Kekerasan seksual di Indonesia dari tahun ke tahun semakin meningkat. Catatan Tahunan Komnas Perempuan Tahun 2020 menyatakan kekerasan terhadap perempuan dalam tiga tahun terakhir yaitu pada tahun 2017 tercatat ada 348.446 kasus, pada 2018 tercatat ada 406.178 kasus, dan pada 2019 tercatat ada 431.471 kasus. Peningkatan kasus kekerasan seksual terhadap perempuan yang tiap tahun semakin meningkat dapat menunjukkan bahwa perlindungan dan keamanaan terhadap perempuan di Indonesia masih rendah (Komnas Perempuan, 2020).
Di era digital seperti sekarang, kekerasan seksual terhadap perempuan tidak hanya terjadi secara langsung, dapat pula terjadi melalui dunia digital. Kekerasan seksual terhadap perempuan dalam dunia digital lebih dikenal dengan istilah Kekerasan Berbasis Gender Siber atau KBGS. Komnas Perempuan mencatat meningkatnya Kekerasan Berbasis Gender Siber dalam kurun waktu tiga tahun terakhir yaitu pada tahun 2017 terdapat 16 kasus, 2018 terdapat 97 kasus, dan 2019 terdapat 281 kasus.

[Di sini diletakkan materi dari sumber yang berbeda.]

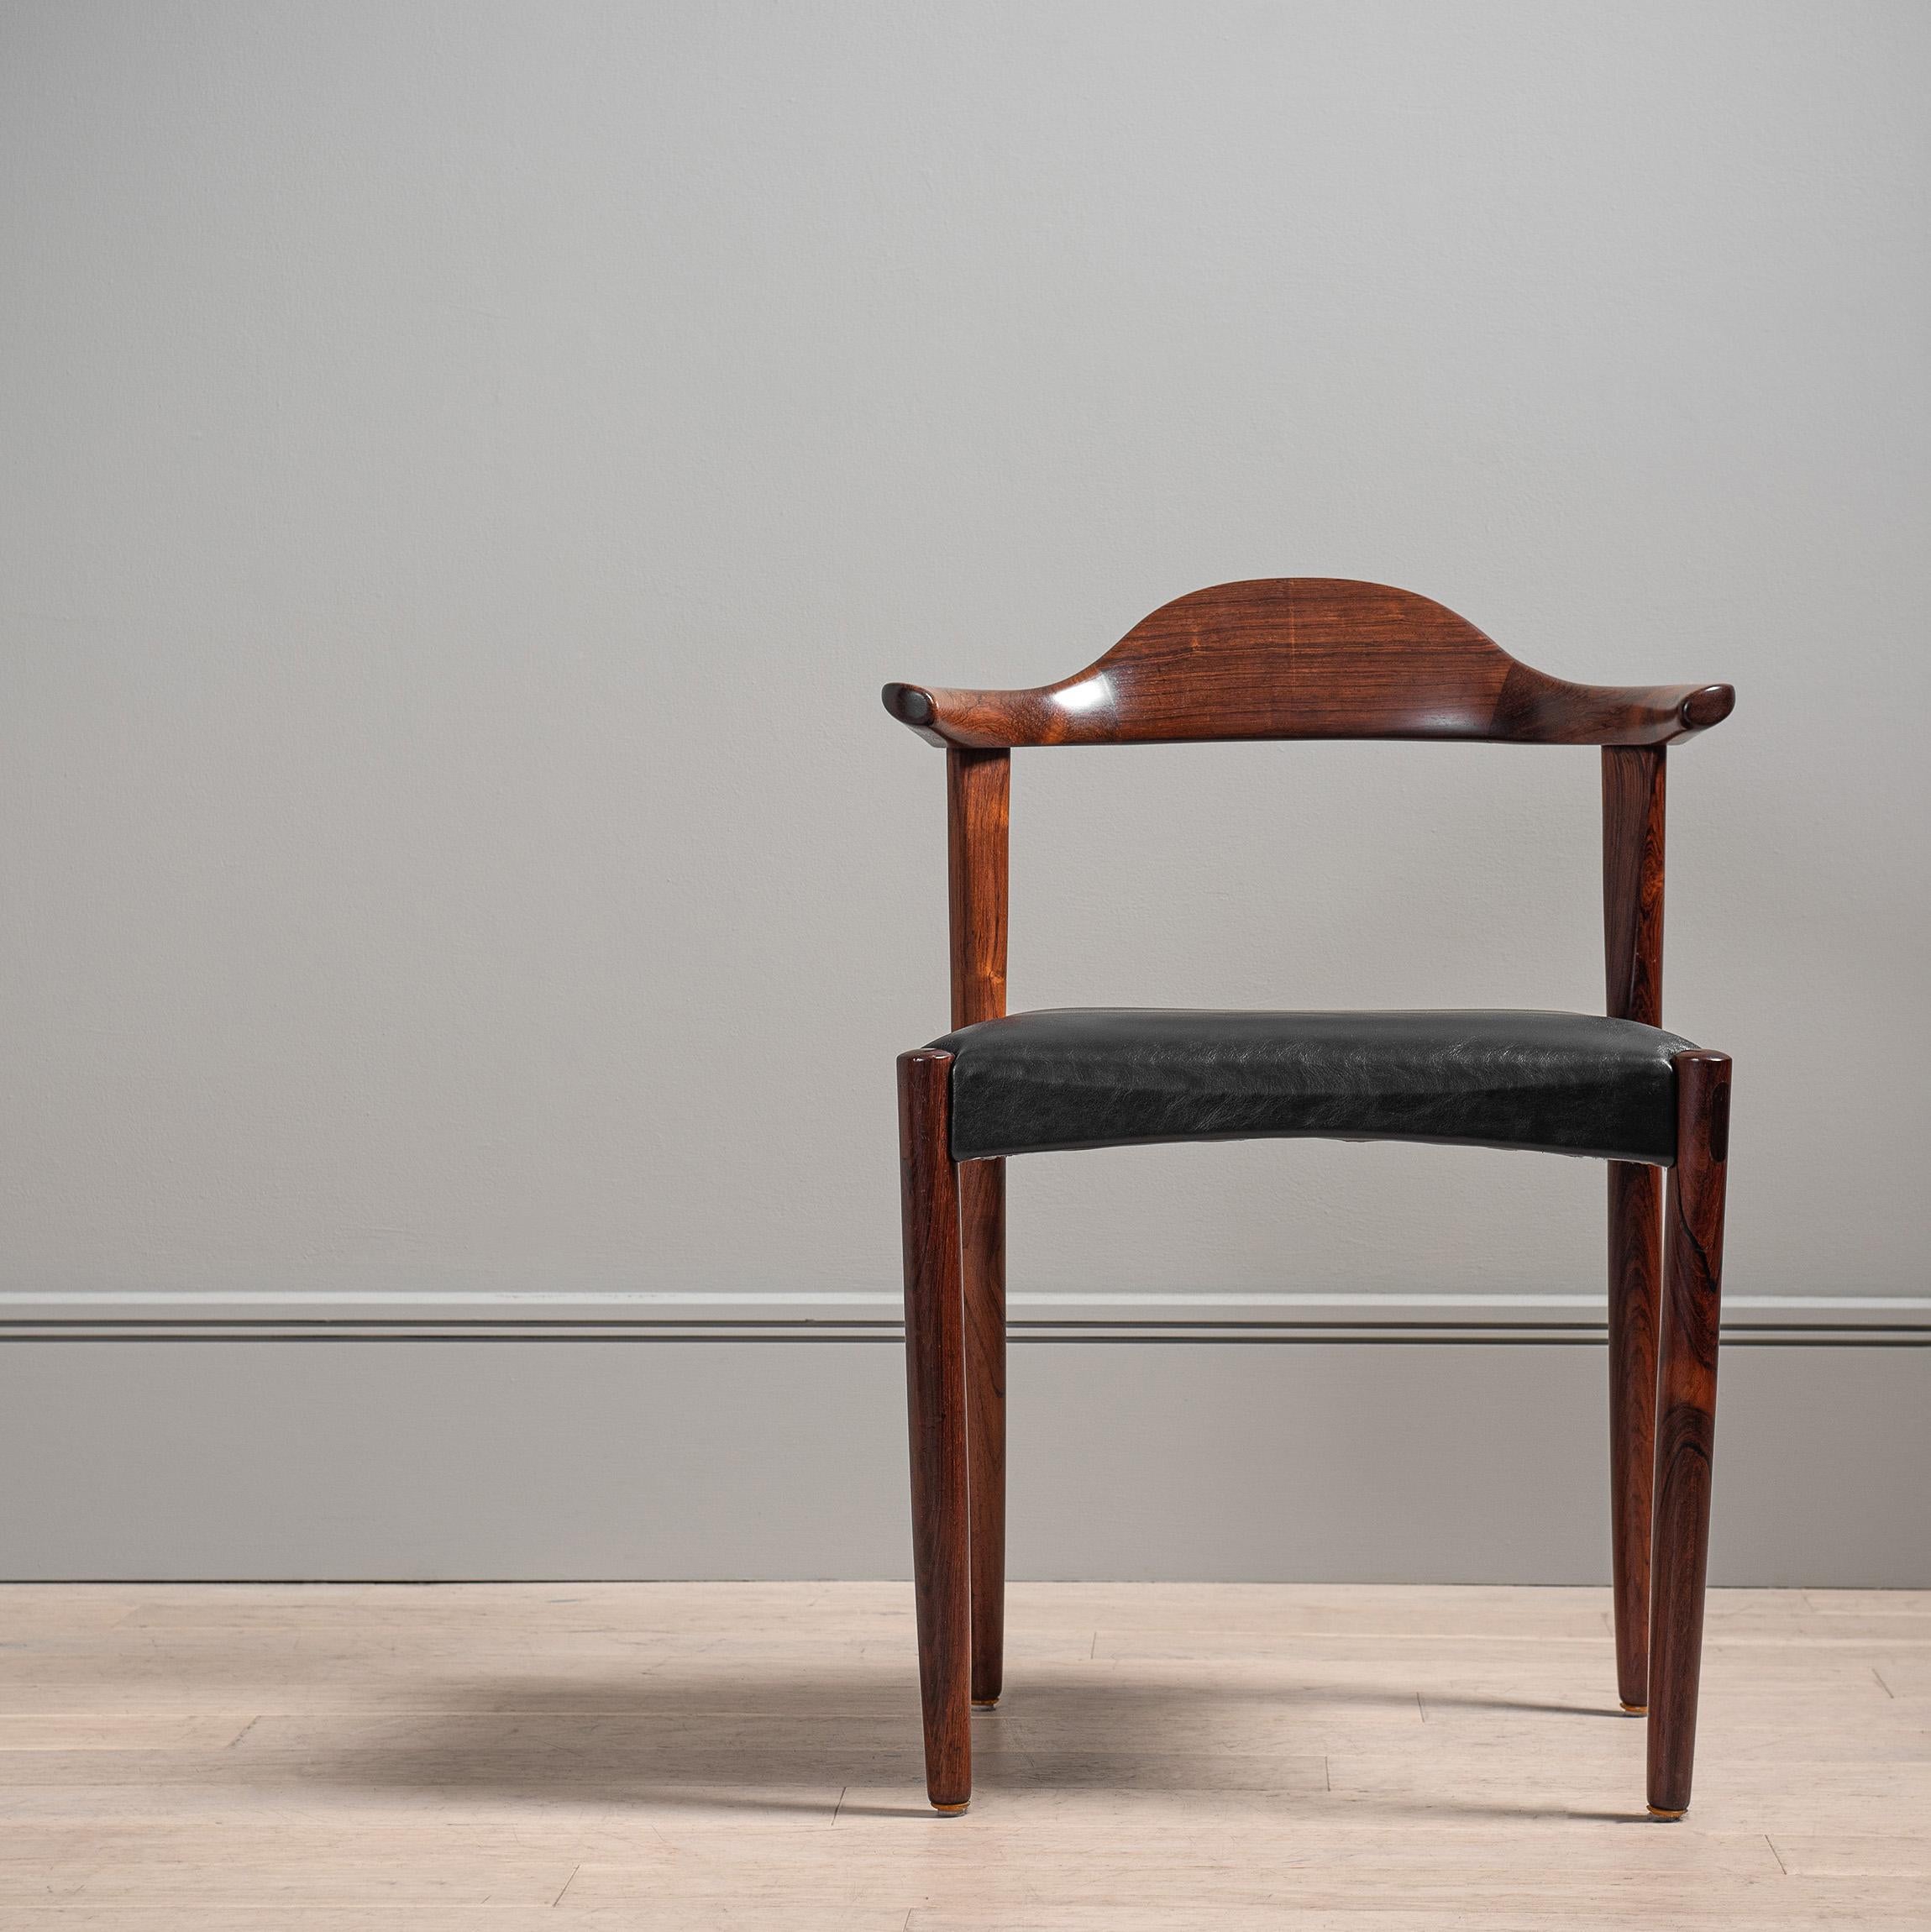 An absolutely stunning chair design by Jacob Herman and executed perfectly by Randers, Denmark circa 1950's. Wonderful curved sculptural bull-horn arms and backrest. The craftsmanship is outstanding. Soft black new leather upholstery.

Salah satu Kekerasan Berbasis Gender Siber yang marak terjadi di Indonesia adalah Revenge Porn (balas dendam porno). Revenge porn dapat didefiniskan sebagai kegiatan pendistribusian atau penyebaran gambar atau video yang mengandung konten seksual tanpa persetujuan dari pihak yang bersangkutan. Penyebaran konten yang berisi seksual tersebut biasanya dilakukan oleh kekasih, mantan kekasih, atau siapa saja yang berniat untuk mengancam korban yang terlibat di dalam konten tersebut.
Pembuatan konten porno juga dapat dilakukan dengan sengaja atau tidak sengaja, secara sukarela maupun dalam paksaan. Beberapa kasus foto atau video telanjang direkam secara diam-diam dengan mengintip-intip. Dalam pemuatan konten, korban ada di bawah ancaman bahwa pelaku telah diam-diam memiliki foto telanjang korban kemudian memaksa korban untuk melakukannya lagi atau foto sebelumnya akan disebar. Sehingga korban merasa takut dan khawatir atas ancaman tersebut dan terpaksa mematuhinya (Karima Melati, 2018).

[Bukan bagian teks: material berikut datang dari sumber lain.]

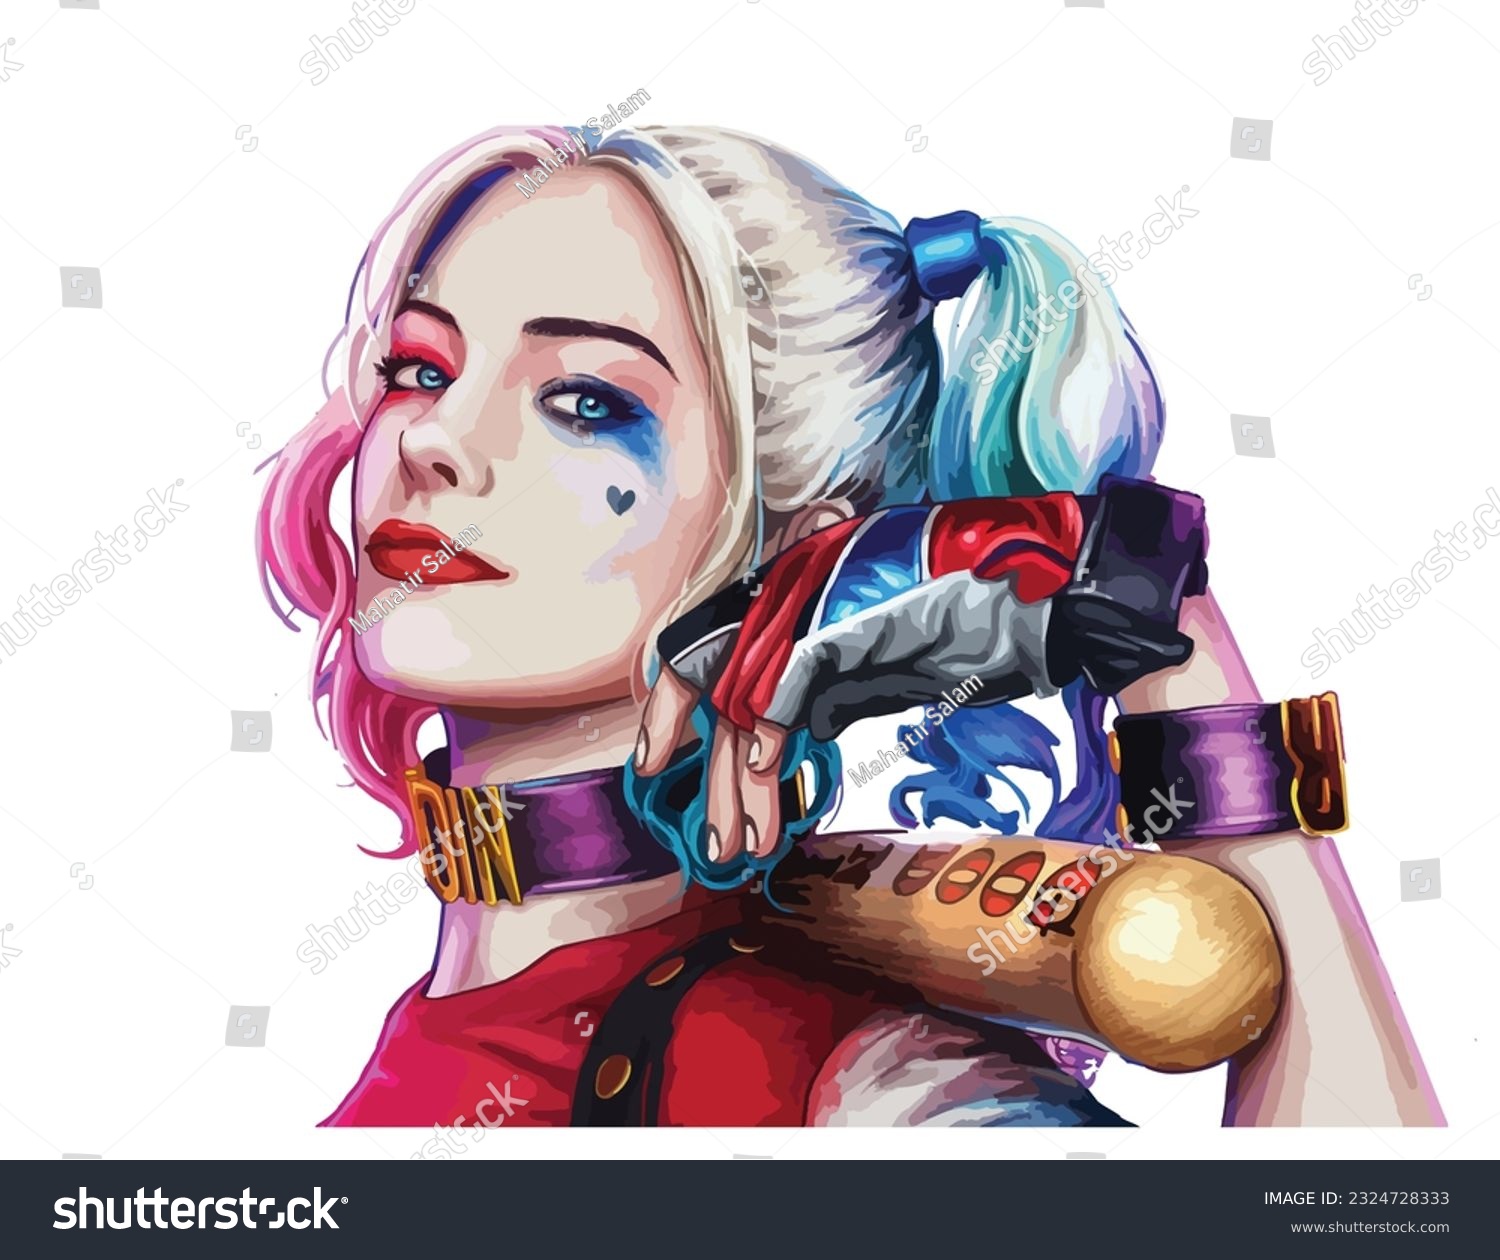 Google Show Me A Picture Of Harley Quinn sharing wife

Hal ini juga melanggar Hak Asasi Manusia yang diatur dalam Pasal 30 Undang-Undang Nomor 39 Tahun 1999 Tentang Hak Asasi Manusia yang berbunyi “Setiap orang berhak atas rasa aman dan tenteram serta perlindungan terhadap ancaman ketakutan untuk berbuat atau tidak berbuat sesuatu.” Pengertian dari korban sendiri menuru Pasal 1 angka 2 UU No. 13 Tahun 2006 adalah seseorang yang mengalami penderitaan fisik, mental, dan atau kerugian ekonomi yang diakibatkan oleh suatu tindak pidana.

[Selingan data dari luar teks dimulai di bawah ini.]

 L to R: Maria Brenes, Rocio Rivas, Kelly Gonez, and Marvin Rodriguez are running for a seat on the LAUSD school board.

Akibat dari adanya revenge porn ini dinilai cukup serius bagi korban karena dapat mengakibatkan disfungsi kehidupan sosial dan dapat menghancurkan kehidupan profesional korban. Dalam kasus yang lain juga dapat mempengaruhi mental sehingga korban melakukan bunuh diri, mengubah identitasnya, mengalami depresi, dan lain sebagainya.
Para pengguna media sosial yang mengetahui adanya konten seksual seringkali bukan membela atau berada di pihak korban namun menyalahkan dan menyudutkan korban dengan menghina, mempermalukan dan melecehkan korban berkali-kali. (Perangin-angin, Rahayu and Dwiwarno, 2019). Hal ini semakin membuat korban trauma dan enggan untuk bercerita atau mengadukannya kepada pihak penegak hukum.
Tidak sampai disitu, seringkali korban mendapatkan perlakuan victim blaming atau menyalahkan korban dalam melaporkan kekerasan seksual yang dialaminya. Hal tersebut dilakukan dengan menanyakan “apa korban menikmatinya saat beradegan didalam video?” Perlakuan victim blaming dapat diakibatkan kurangnya pengetahuan dari pihak penegak hukum dalam menangani korban kekerasan seksual.
Jika mengacu pada asas equality before the law (persamaan dihadapan hukum) yang tercantum dalam Pasal 27 ayat (1) dan Pasal 28D ayat (1) UUD NRI 1945 perlakuan victim blaming yang sering terjadi tersebut bertentangan dengan konstitusi Negara Republik Indonesia. Rendahnya perhatian masyarakat terhadap korban juga dapat menunjukkan bahwa masyarakat masih kurang sadar akan pentingnya hak asasi manusia yang seharusnya dijunjung tinggi di negara hukum seperti Indonesia.